The token cost problem nobody talks about at demo scale
LLM extraction pricing looks reasonable on small volumes. It stops looking reasonable fast.
A typical product page after stripping navigation, footers, and scripts comes in around 38,000 to 40,000 tokens. Full HTML, which is what you need if you want a low-maintenance pipeline that does not risk stripping useful markup, averages closer to 570,000 tokens per page. Most models cannot process a page that size in a single request without truncation.

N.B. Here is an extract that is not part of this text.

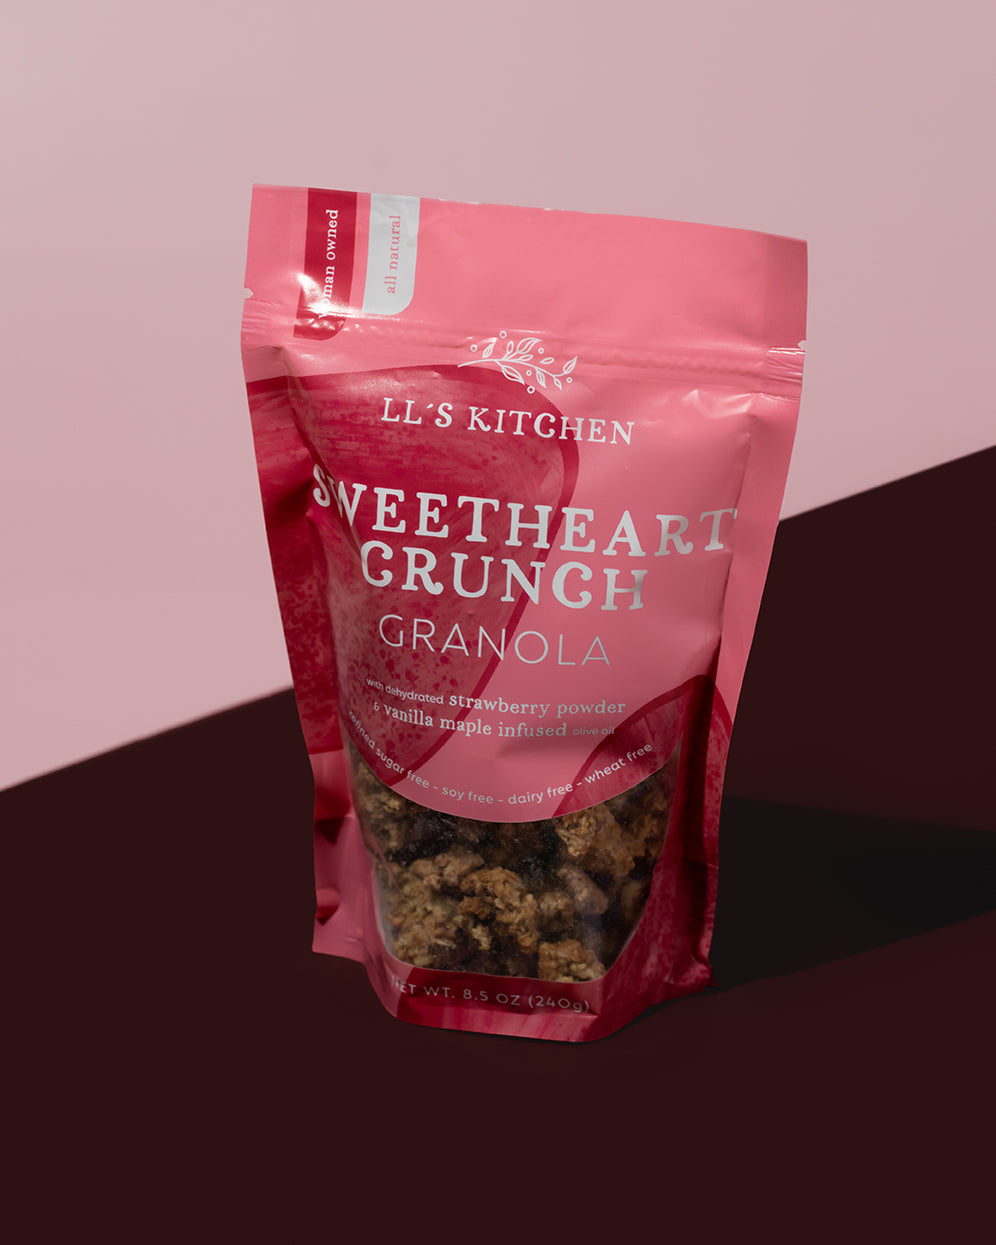 Sweetheart Crunch Granola

At 120,000 pages per month using stripped HTML, even the cheapest available models cost between $285 and over $5,000 depending on which model you choose. At 2,000,000 pages, the cheapest nano-class model costs around $4,700. Mid-range models reach $12,000 to $117,000 for the same volume. These figures cover extraction only and exclude upstream scraping costs.
For full HTML at any meaningful volume, the numbers are not comparable. At 10,000 pages, GPT-4o-mini costs roughly $860. Claude Sonnet costs over $17,000. The token volume is approximately 15 times higher than stripped HTML, and every cost figure scales accordingly.
The stripping step itself is not free. It requires preprocessing logic, introduces the risk of accidentally removing markup that contains needed data, and adds a maintenance surface to your pipeline.
What 'no maintenance' actually means
Several tools in this space market themselves as requiring no maintenance because the AI adapts to site changes. This claim deserves scrutiny.
When a vendor fully abstracts the infrastructure layer, you lose visibility into failure modes. If their proxy pool degrades or their success rate drops on a specific target, you cannot differentiate between a failed fetch and a hallucinated extraction. You see failed outputs with no diagnostic path.
LLM extraction also introduces its own maintenance surface. Prompt changes, model updates, and temperature variance all affect output consistency. A field that extracted correctly last month may return a plausible but wrong value this month with no error signal. At 100,000 pages, that translates to thousands of rows requiring validation or correction, an indirect cost that does not appear in per-token pricing.
Schema conformance issues are common: a price field returning zero when the value is unavailable rather than null, a date field pulling from the wrong position on a page with multiple similar dates, two numerical fields being swapped because they look structurally identical. These are not edge cases. They occur at measurable rates across real pages.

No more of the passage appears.